Nowadays it's this awfully complex web of tests, bloodwork, scans and a myriad other things, not to mention several treatments prescribed "just for good measure" when nothing's wrong with you. It just seems to me like a world that draws you in and isn't inclined to let you go. Not lightly, anyway.
At the end of 2024, a friend dragged me to a doctor she knew, aware of my skepticism. I don't really see the point in going to the doctor if something's not actively bothering you or encumbering you, though there seem to be fewer and fewer of us who think this way. Anyway, that doctor recommended some bloodwork, which I did, and afterwards, I read online a bit about results, possible issues/solutions. The usual thing. Nothing major at all. Though it was surprising to me the lingo these websites and forums used - how willing people are, almost eager, to get diagnosed with major issues or look forward to a lifetime of treatment.
Why are we so desperately seeking to create problems where there are none?
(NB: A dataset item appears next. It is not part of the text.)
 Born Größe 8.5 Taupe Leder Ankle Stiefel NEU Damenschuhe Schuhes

Much as I tried, I couldn't find simple, clear cut answers like "you take an aspirin for a headache". It's always trying all these different treatments, monitoring, check-ups, slowly building an entire team of "your healthcare provider"s in any and every field who'd make of you a project, it seemed, that would last until the end of your life. And some people (many, in fact) seem to enjoy this perverse kind of attention.
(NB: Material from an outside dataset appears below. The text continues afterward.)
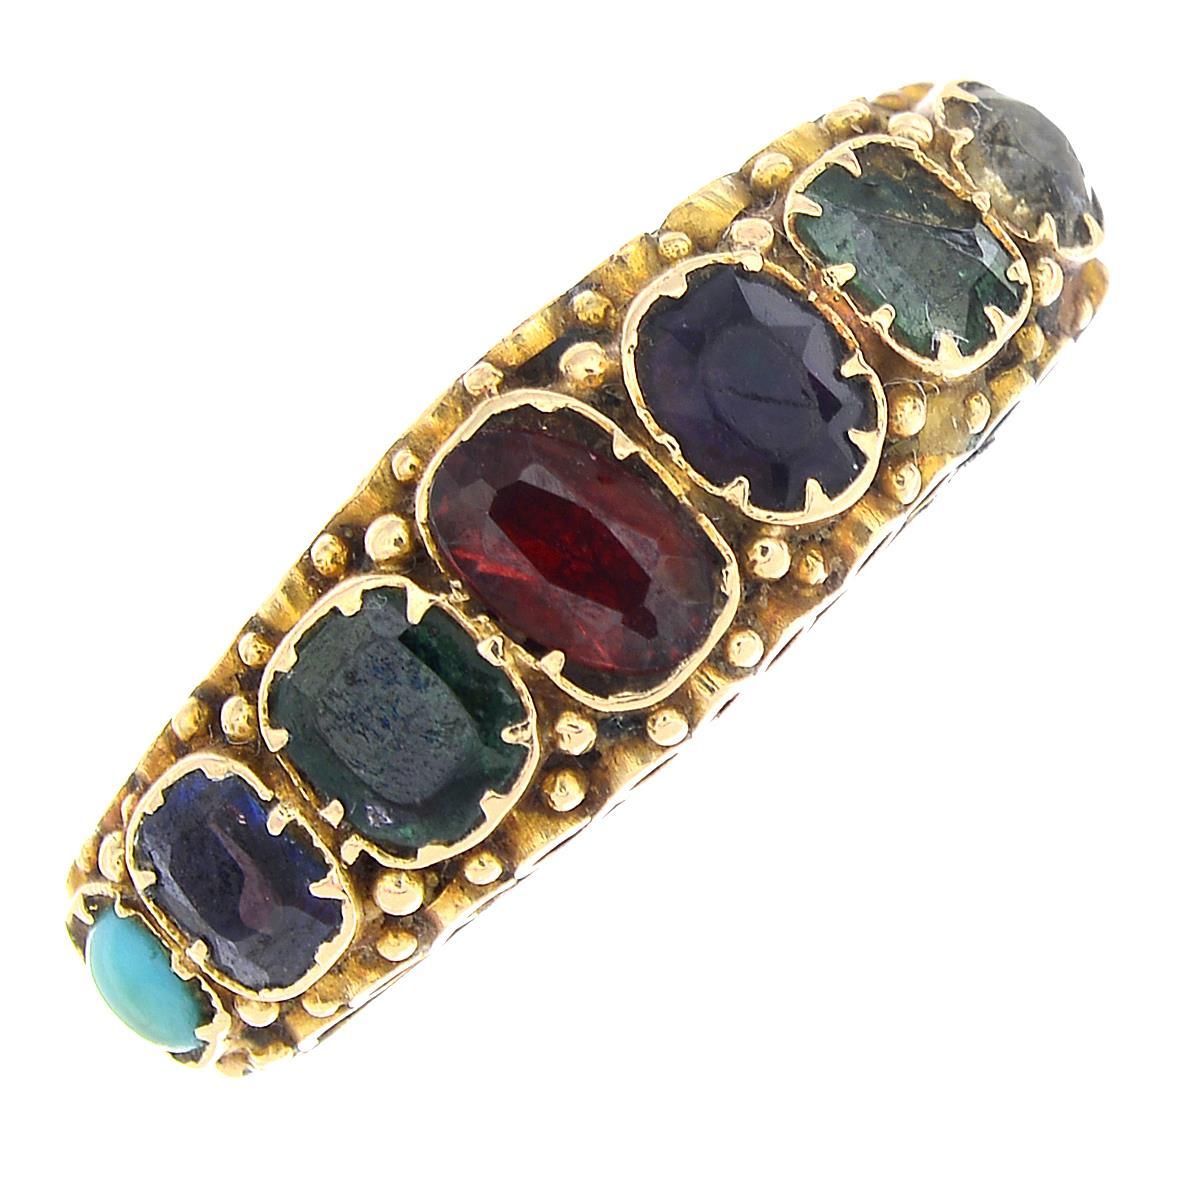 Lot 5 - A mid Victorian 15ct gold gem-set acrostic ring.Hallmarks for Birmingham, 1871.

I don't know about you, but I don't have a "my" anything doctor. Again, I go to the doctor if I am really sick, which thankfully has never been the case. I don't see the point of having several medical centers, hospitals and private doctors on speed-dial just to make sure I'm okay. I know I'm okay. I have an internal instinct that tells me.
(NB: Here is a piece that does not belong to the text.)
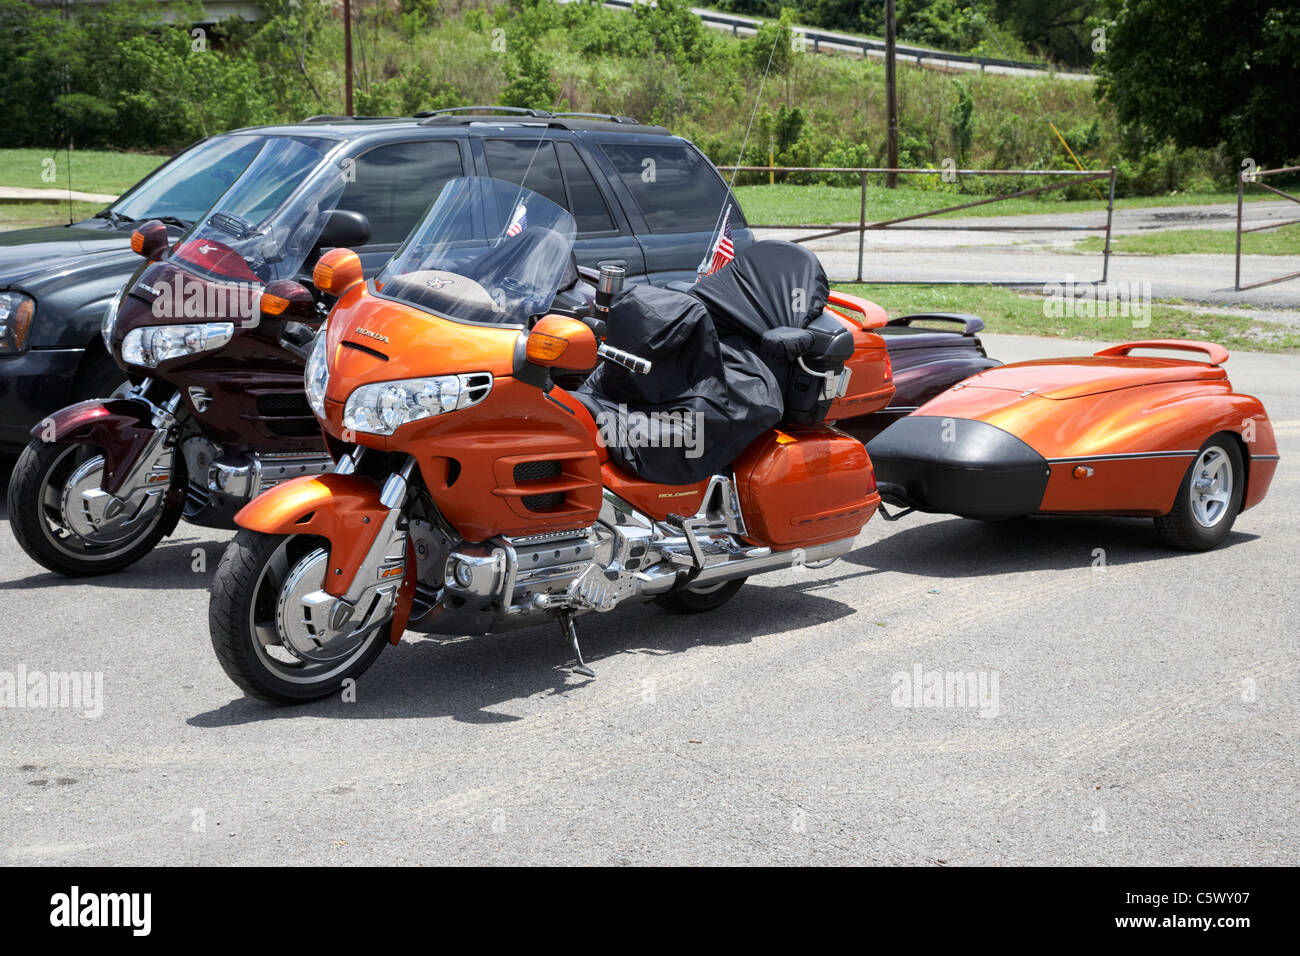 honda goldwing touring motorbikes with trailer lynchburg

And as I read, the penny dropped. I realized how easily I'd let myself be drawn down this slippery slope already - a consultation here, bloodwork there, obviously followed by more consultations, then presumably trial-and-error treatments that risk creating more problems (when you didn't even have a problem in the first place), then treatment, consultations, bloodwork for those new problems... you see how this never ends? And yet, I'm crazy for being skeptical of a system that's perfectly willing to put you on harsh antibiotics, cancer treatments and other serious drugs on the off-chance that there might be something wrong with you?
When I moved into my house, the heater in my bedroom leaked. I called a handyman who "fixed" it twice., after it came completely loose and flooded the room, and after two (or 3?) visits from said handyman, I discovered to my delight the damn thing still fucking leaked. Now it has a little cup under it and is left well enough alone. But somehow, that's not a mentality that's too popular in medicine. They keep thinking you gotta tinker away at things until you break them worse than they were, and it's not their fault. In medicine, as in most other fields, there's a few, very few forward-thinkers and trailblazers. But many of the doctors that treat you are just average people following a rhythm and law dictated from higher above. We all need a word of law, and for people in the medical industry, that's theirs. But it doesn't have to be yours - nothing that encourages you to ascribe blind faith to it should be.
It's scary to me how many people are willing to go down this slippery slope of tests and treatments when they don't really have to. And why? Do we just enjoy the attention? Is this a desperate bid to replace a god we feel is faltering? Are we still in our search for life eternal?